| Collected material |
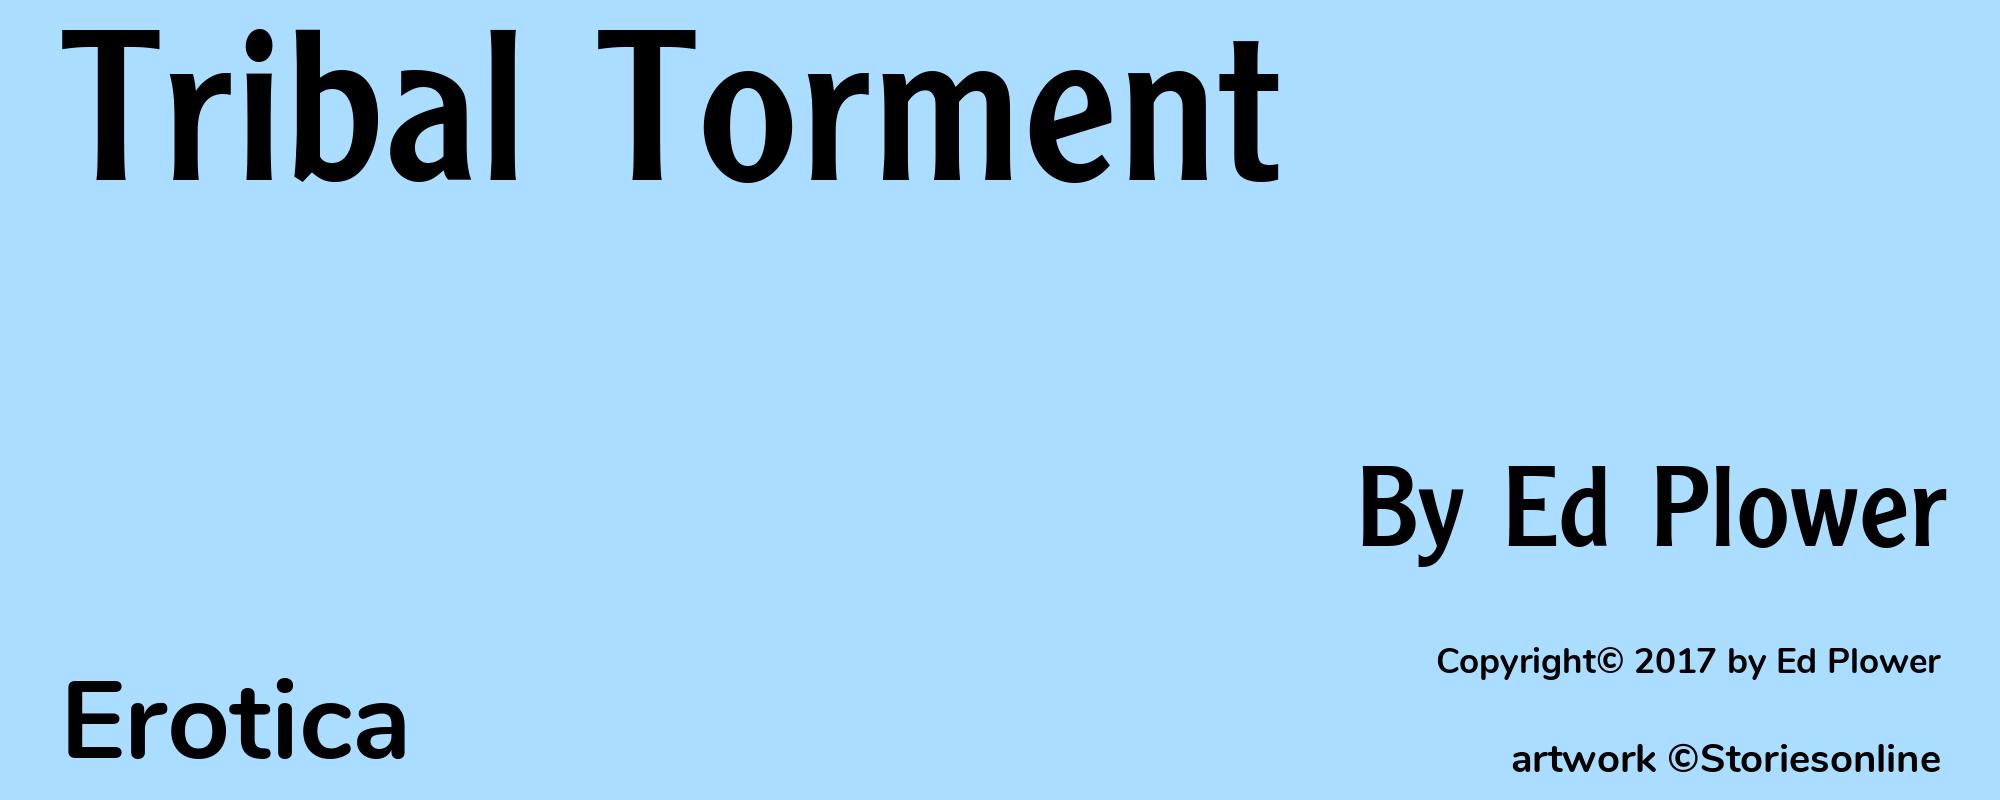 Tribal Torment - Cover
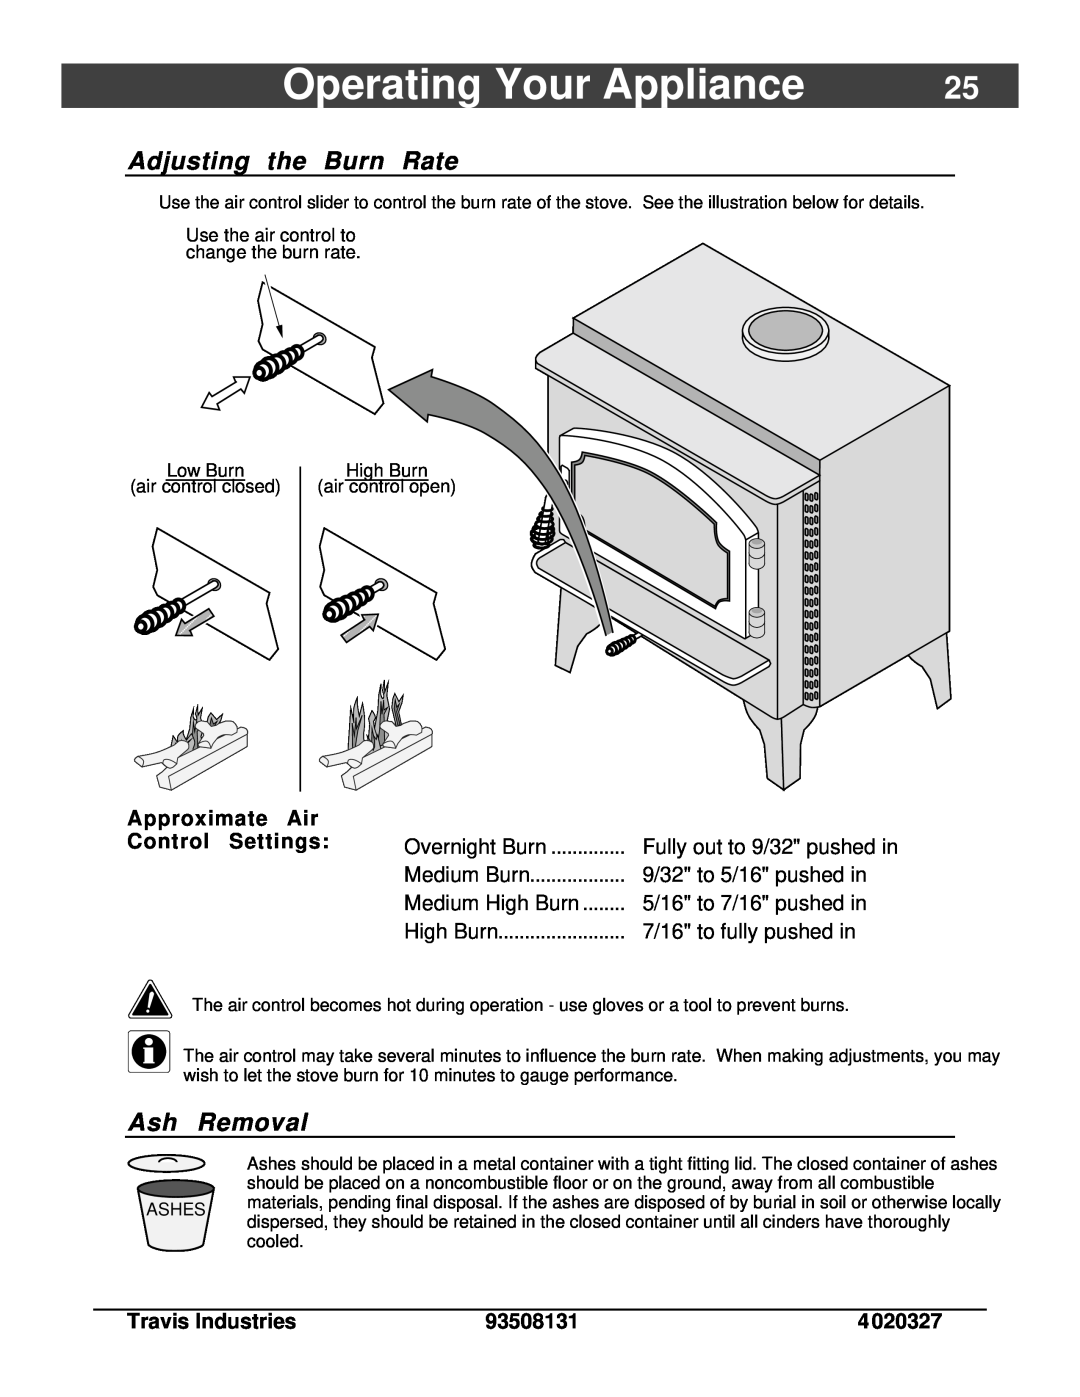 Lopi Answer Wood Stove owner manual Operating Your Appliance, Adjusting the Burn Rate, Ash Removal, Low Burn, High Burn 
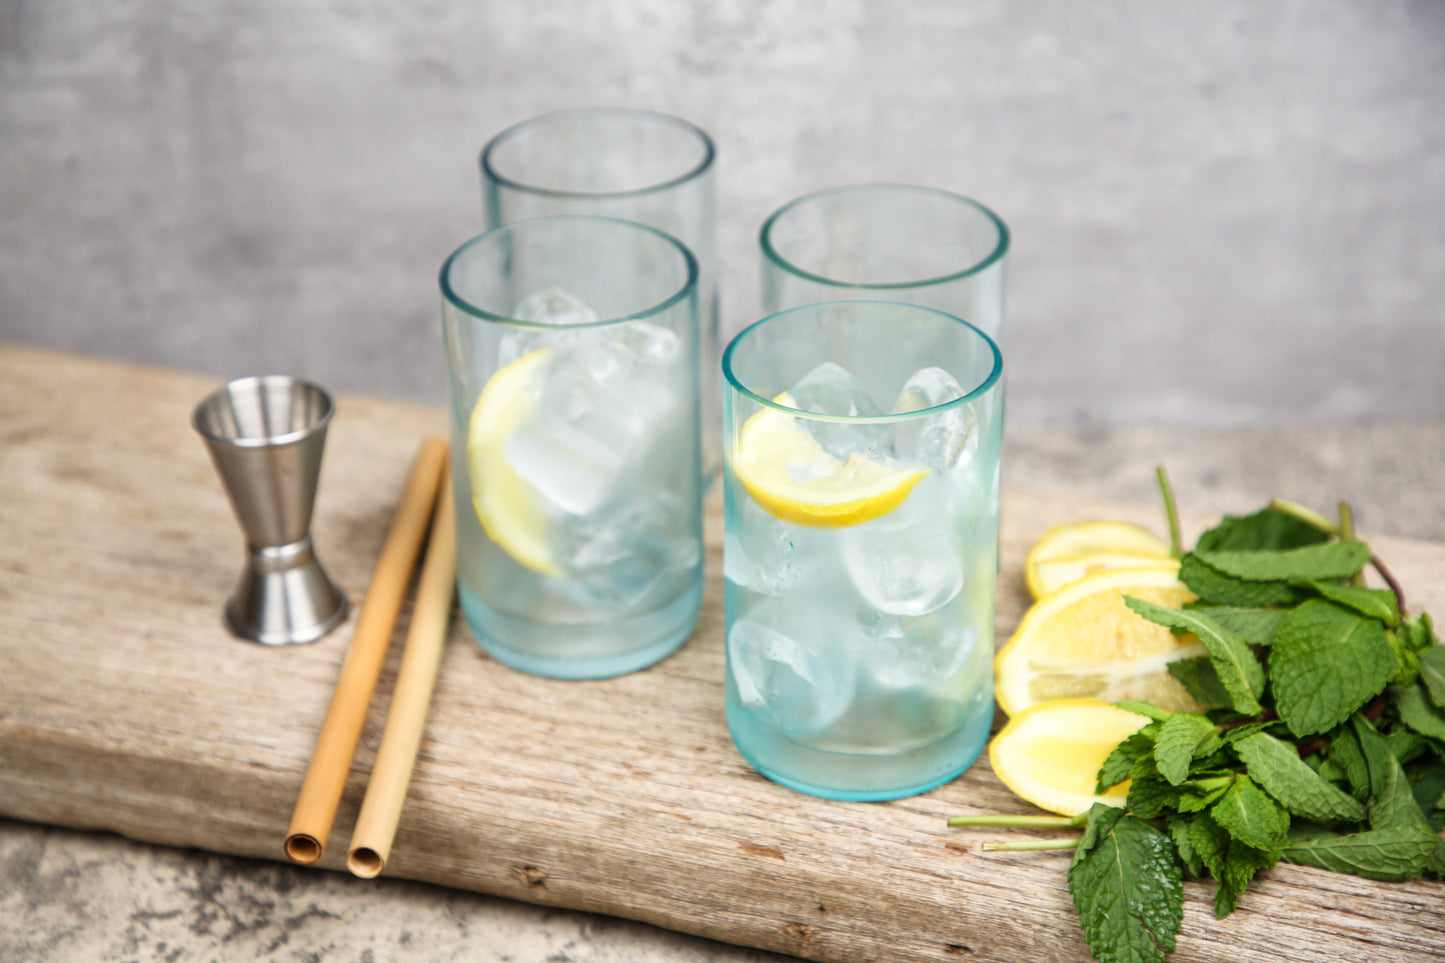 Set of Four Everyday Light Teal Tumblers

| Aim of the exercise |
When you reach a picture, pass over it; write out all other material exactly.

| Result |
 Tribal Torment - Cover
 Lopi Answer Wood Stove owner manual Operating Your Appliance, Adjusting the Burn Rate, Ash Removal, Low Burn, High Burn 
 Set of Four Everyday Light Teal Tumblers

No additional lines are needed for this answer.